Альфереса задело оскорбление, но он увидел хлыст в руках супруги. Схватив со стола тарелку, он швырнул ее в голову доньи Консоласьон; та, привыкшая к подобным схваткам, быстро увернулась, и тарелка, ударившись об стену, разлетелась на куски. Чашку и соусник постигла та же участь.
- Трус, - визжала она, - боишься подойти ближе! - И, чтобы еще больше разозлить его, плюнула ему в лицо.
Альферес обезумел от ярости и, взревев, подскочил к ней, но она с поразительной ловкостью ударила его хлыстом по лицу, со всех ног кинулась в свою комнату и захлопнула за собой дверь. Мыча от гнева и боли, он устремился за ней, но наткнулся на запертую дверь и разразился бранью.
- Будь проклято все твое потомство, свинья! Открой мне, открой, не то я размозжу тебе голову! - рычал он, колотя в дверь руками и ногами.
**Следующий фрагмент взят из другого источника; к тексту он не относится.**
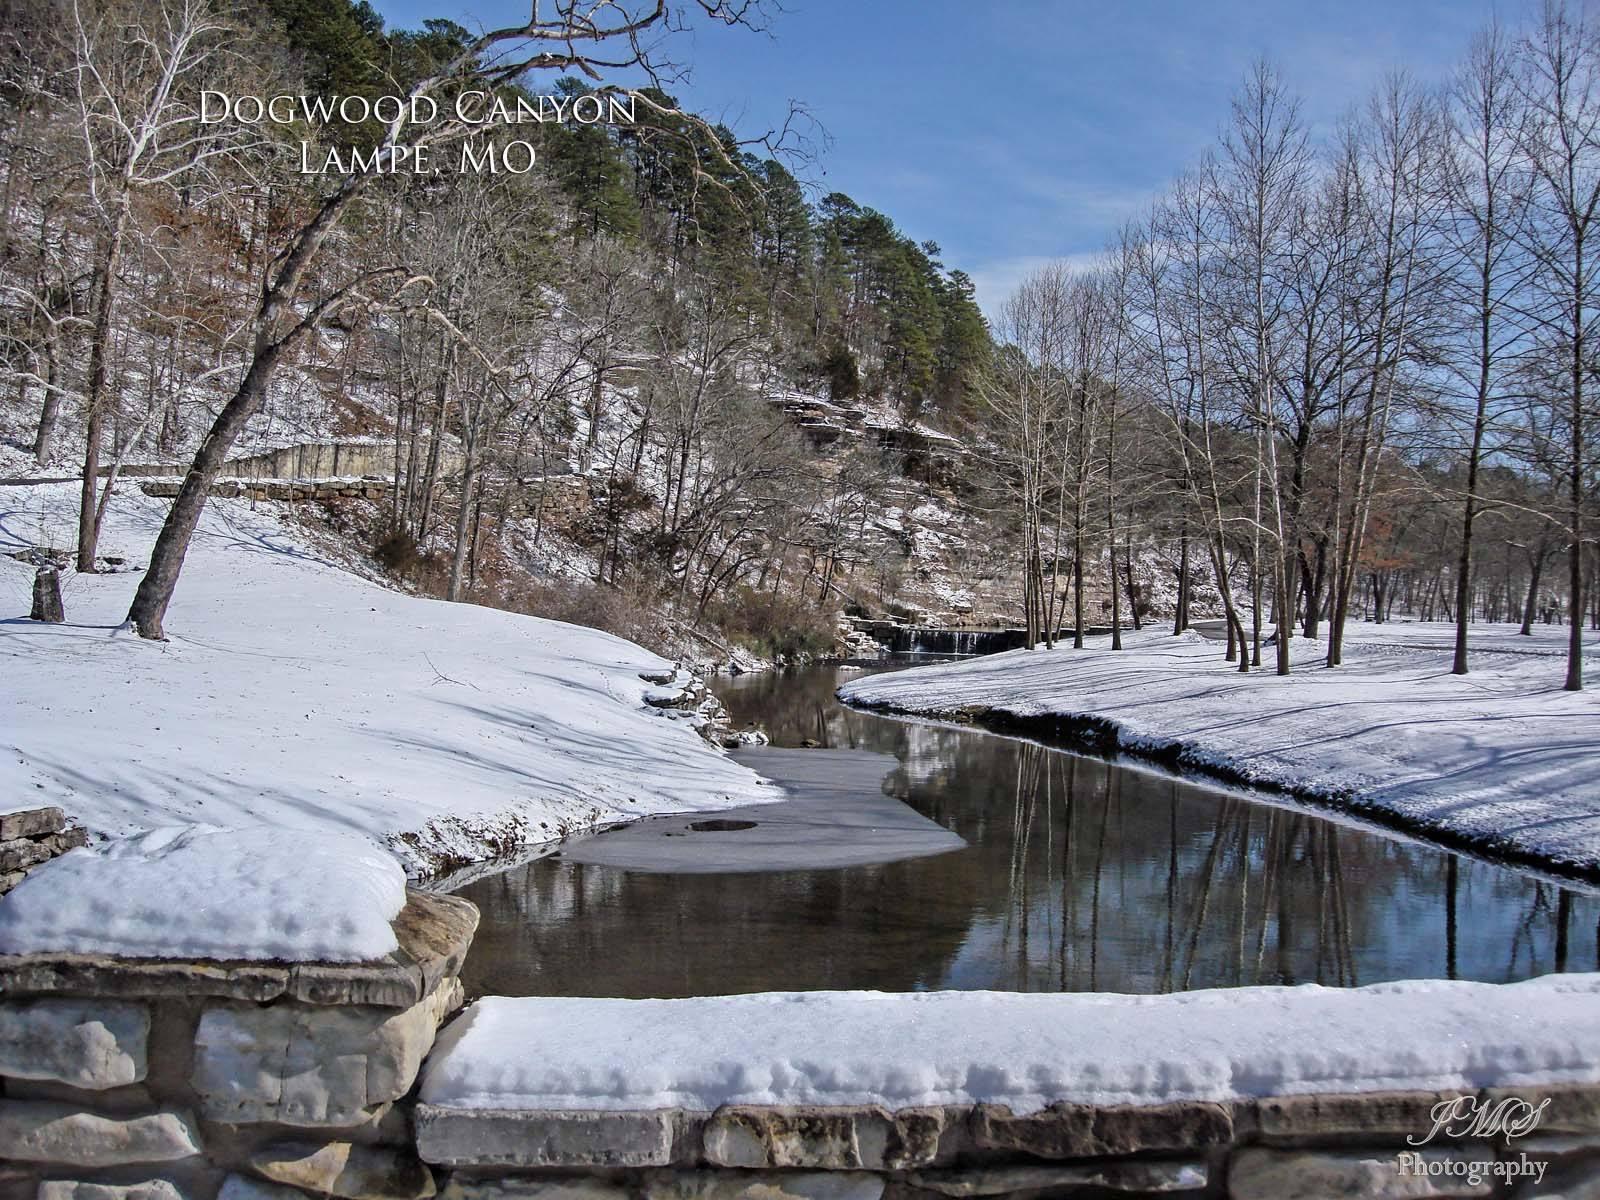 Snowy Dogwood Canyon
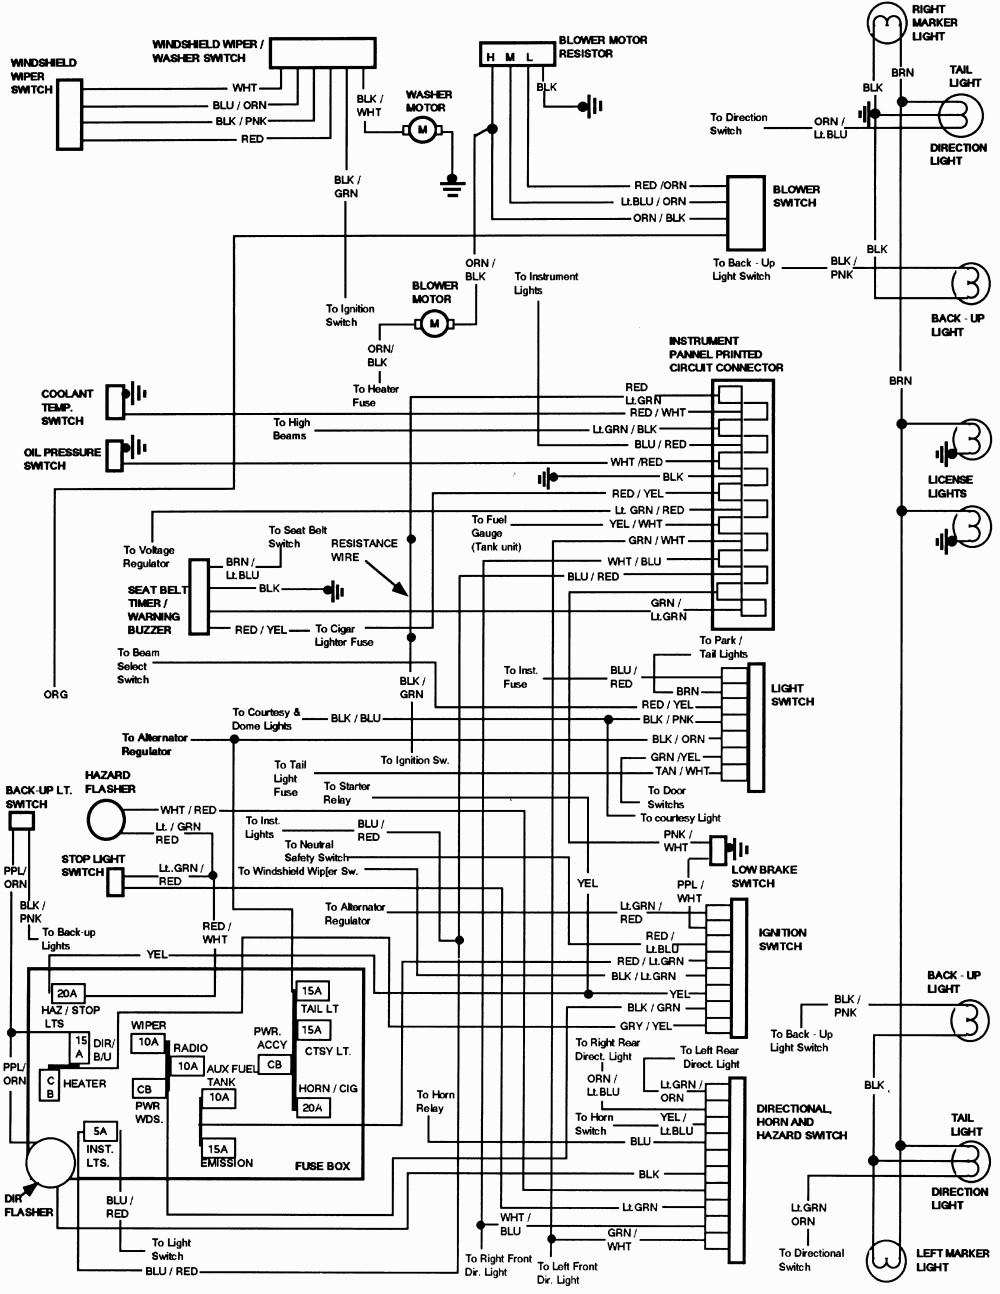 2005 ford stx f150 radio wiring diagram

Супруга не отвечала, слышался лишь грохот передвигаемых стульев и сундуков, возвещавший о том, что она, должно быть, строила баррикаду из мебели. Дом содрогался от ударов и проклятий альфереса.
- Попробуй войти, попробуй, - донесся ее голос. - Только сунься, я застрелю тебя.
Постепенно пыл альфереса остывал; он уже только бегал по комнате, как зверь в клетке.
- Выйди на улицу и остуди голову, - продолжала издеваться над ним женщина, видимо, завершив подготовку к обороне.
- Будь уверена, как доберусь до тебя, сам бог тебе не поможет, старая свинья!
- Ну-ну! Болтай, что хочешь… Не дал мне пойти к мессе! Ты не дал мне исполнить мой христианский долг! - ответила супруга с таким сарказмом, на какой только она была способна.
Альферес надел шляпу, привел в порядок одежду и, стуча каблуками, вышел из комнаты, но тут же снял обувь и, бесшумно ступая, вернулся. Слуги, привыкшие к таким стычкам, обычно относились к ним с полным равнодушием, но это новшество с ботинками привлекло их внимание, и они лукаво перемигнулись. Альферес тихо опустился на стул у заветной двери и терпеливо прождал более получаса.
- Ты в самом деле ушел или все еще здесь, старый козел? - время от времени спрашивал голос изнутри, разнообразя эпитеты и повышая тон. Наконец она снова начала передвигать мебель. Он услышал шум и ухмыльнулся.
- Эй, денщик, хозяин ушел? - крикнула донья Консоласьон.
По знаку альфереса денщик ответил:
- Да, сеньора, он ушел.
Она ликующе захохотала и отодвинула засов. Муж медленно приподнялся, дверь приоткрылась…
Крик, шумное падение тела, проклятья, вопли, ругательства, удары, - кто может знать, что произошло в этой темной спальне?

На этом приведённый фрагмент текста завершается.